Introducing Verta Model Deployment
April 28, 2022
AI and ML have arguably become the backbone of today’s most valuable and game-changing tools across industries. Companies that adopt and deploy machine learning solutions to customers’ problems win markets by providing better customer and user experiences. However, operationalizing machine learning and going from prototype to production is a pervasive challenge.
Today, an AI product team’s biggest struggle is the inability to efficiently operationalize models at scale and deliver the ML capabilities that make a real difference. Making machine learning prototypes is easy, but deploying smart applications is not. There’s no shortage of bottlenecks, but some of the most common issues include: not having the know-how to properly deploy models more efficiently, significant development and maintenance costs, the reliability and SLA considerations that need to be taken into account, and needing to build machineries to integrate new services into production (while avoiding breaking things).

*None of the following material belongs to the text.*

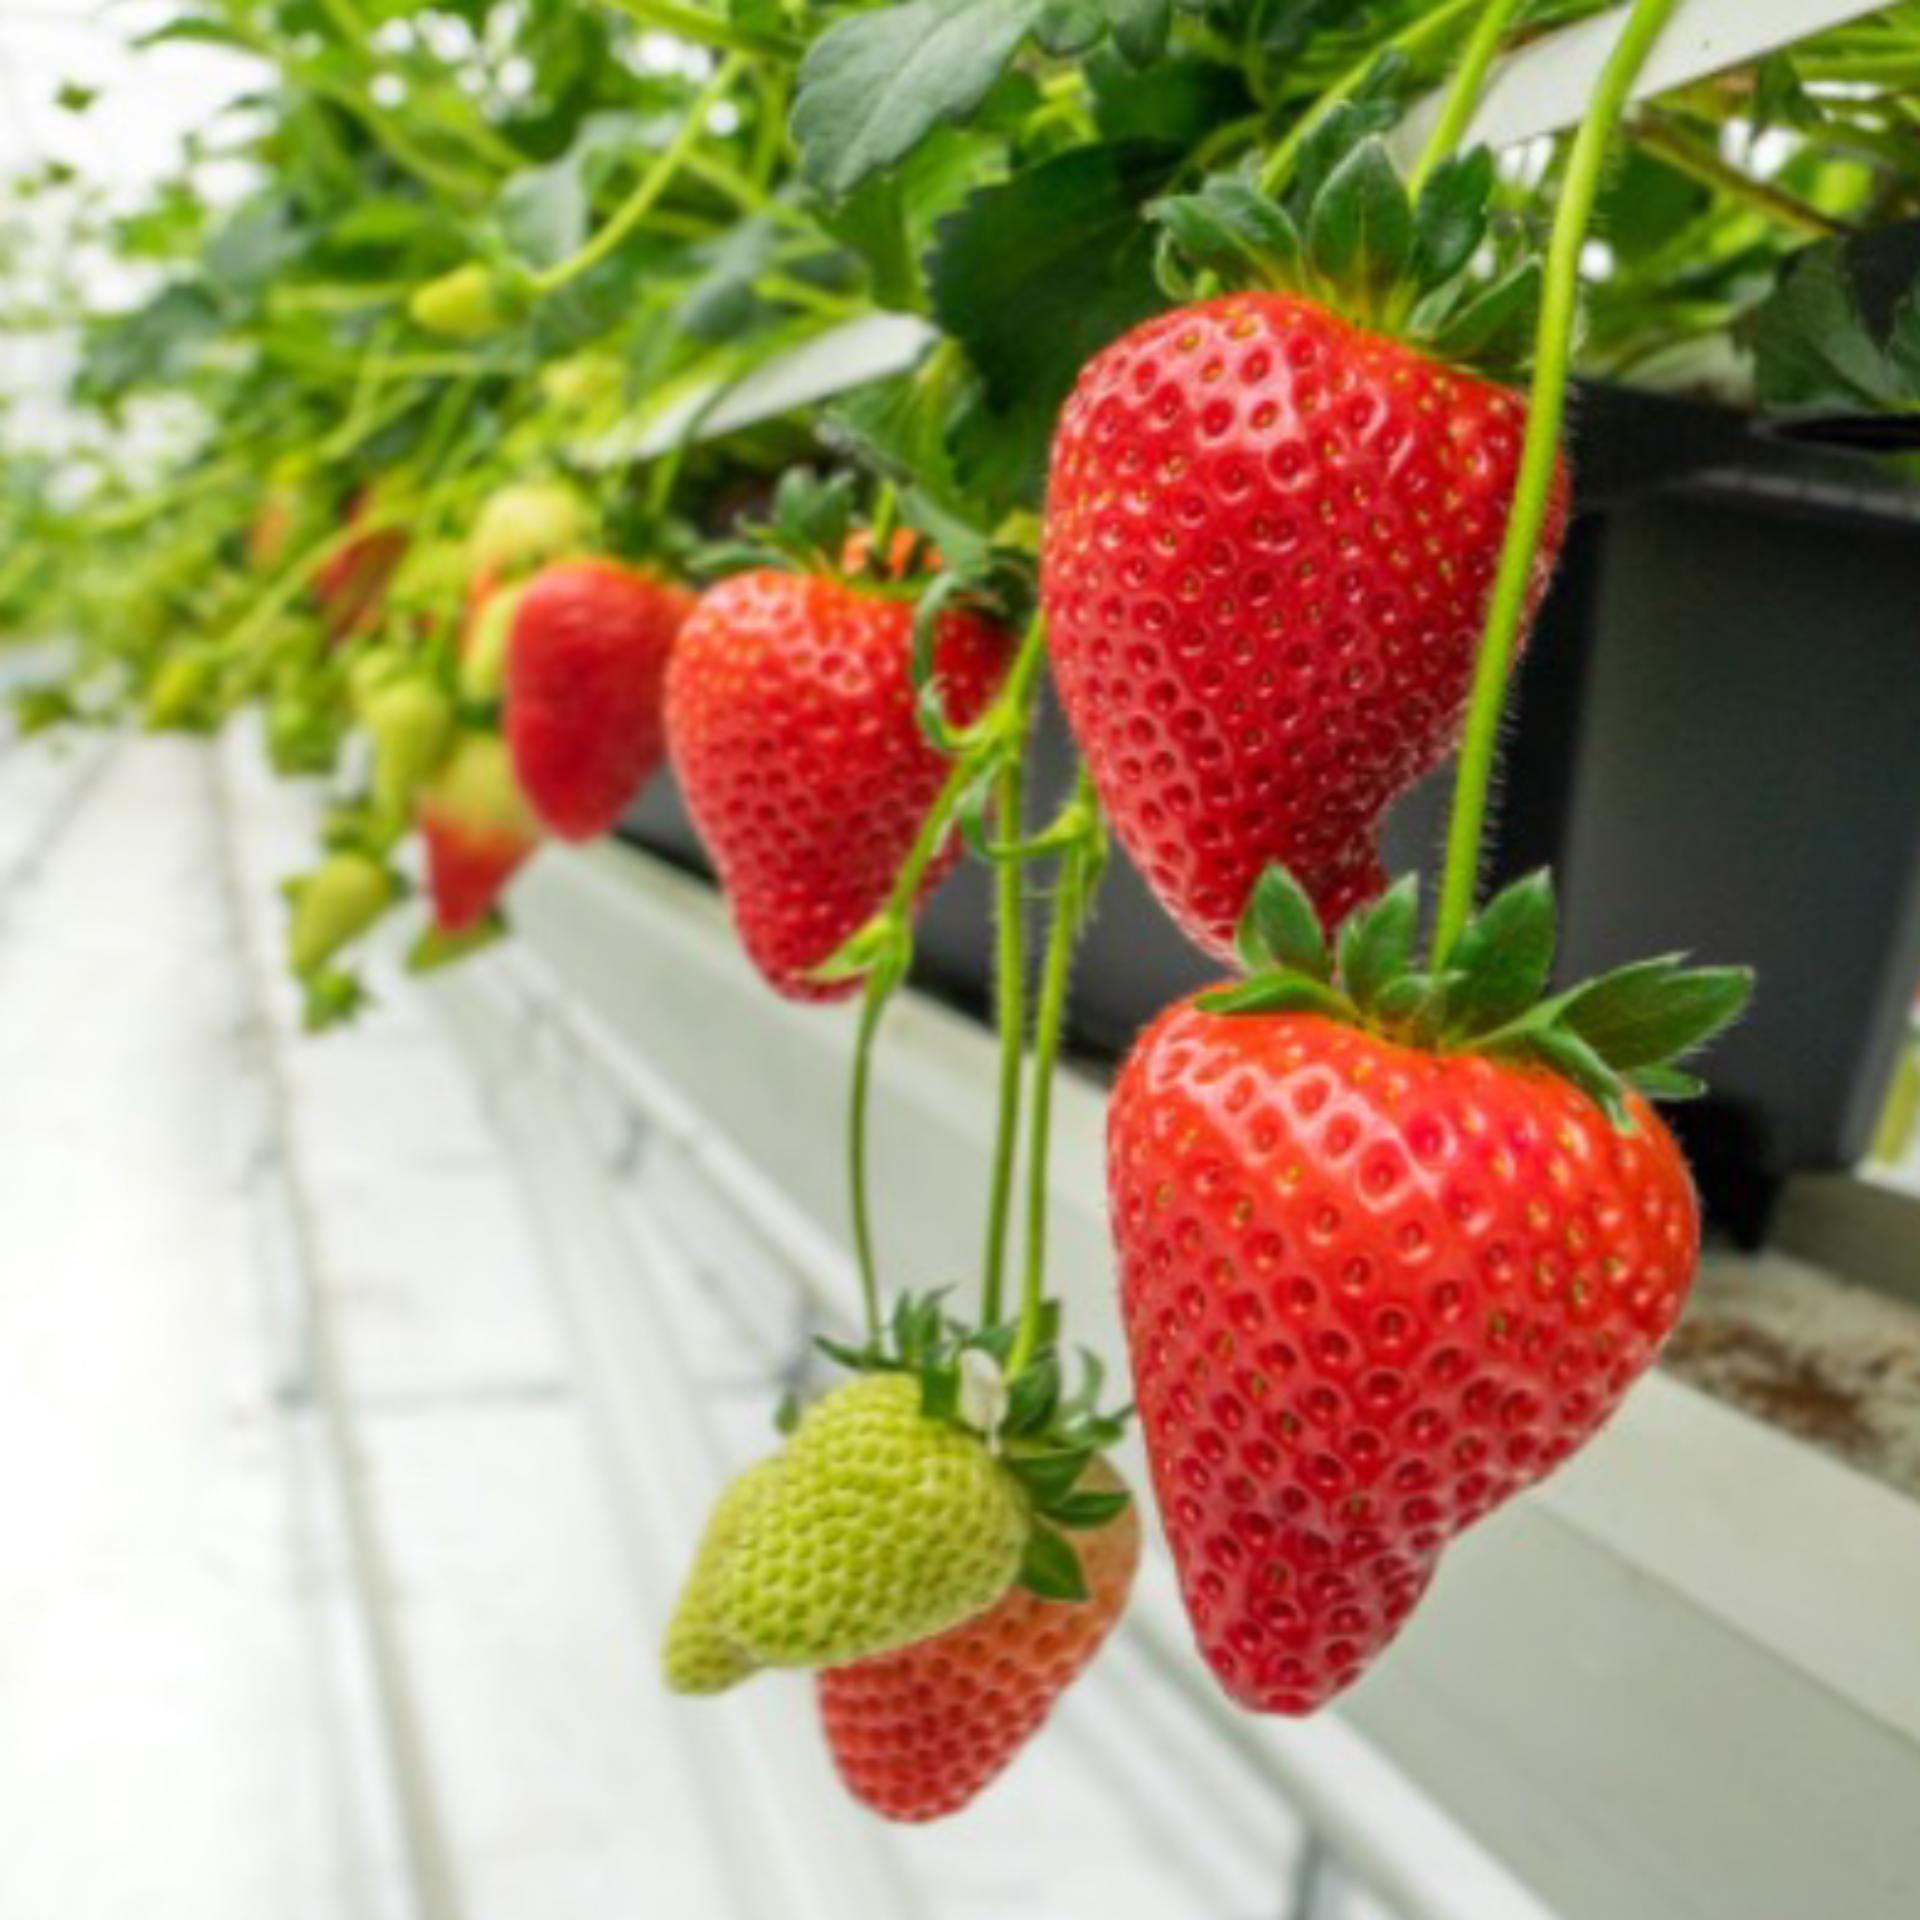 Pots of growing strawberries

Verta simplifies the deployment process and inference for batch, realtime, and streaming ML applications. Because our platform is based on Kubernetes, we offer the ability to run models in containers among other modes of model deployment. Once the model is deployed, the Verta platform automates provisioning and management of resources and infrastructure. Our auto-scaling capabilities allow the system to adapt to changing query loads as well, and there is always at least one copy of a deployed model running and can instantly serve requests.
What does this mean for your business? It means your scarce and talented machine learning specialists spend less time on getting their models to work, and focus on what they do best — building amazing models. The tedious and time intensive infrastructure work is handled by the Verta platform and recruits other members of your team —from software engineers to DevOps — to help productionize your ML solutions.
In this blog, we’ll show you how to run models on Verta, with a focus on how to run a TensorFlow model with MNIST data. The MNIST dataset of handwritten digits has 784 input features (pixel values in each image) and 10 output classes representing numbers 0–9.
Getting Started: Gaining Access to the Verta Difference
To gain access to the Verta platform and experience the difference it brings first hand, you’ll need to first complete two easy steps:
- Contact us to get trial access
- Set up your Python client and Verta credentials here
Once you’ve completed the registration portion of the process, you can get to deploying. This also requires two easy steps:
Step 1: Register the model
Let’s go ahead and train a TensorFlow model with MNIST dataset for digit classification and register it. To register a model version, we’ll need to give it a name, version id, the set of artifacts that belong to the model, and the environment. Model artifacts usually include the weights file or pickle file with the serialized model.
import TensorFlow as tf
# import verta client
# restart your notebook if prompted on Colab
!pip install verta
# setup verta credentials
# Ensure credentials are set up (contact us if you need credentials)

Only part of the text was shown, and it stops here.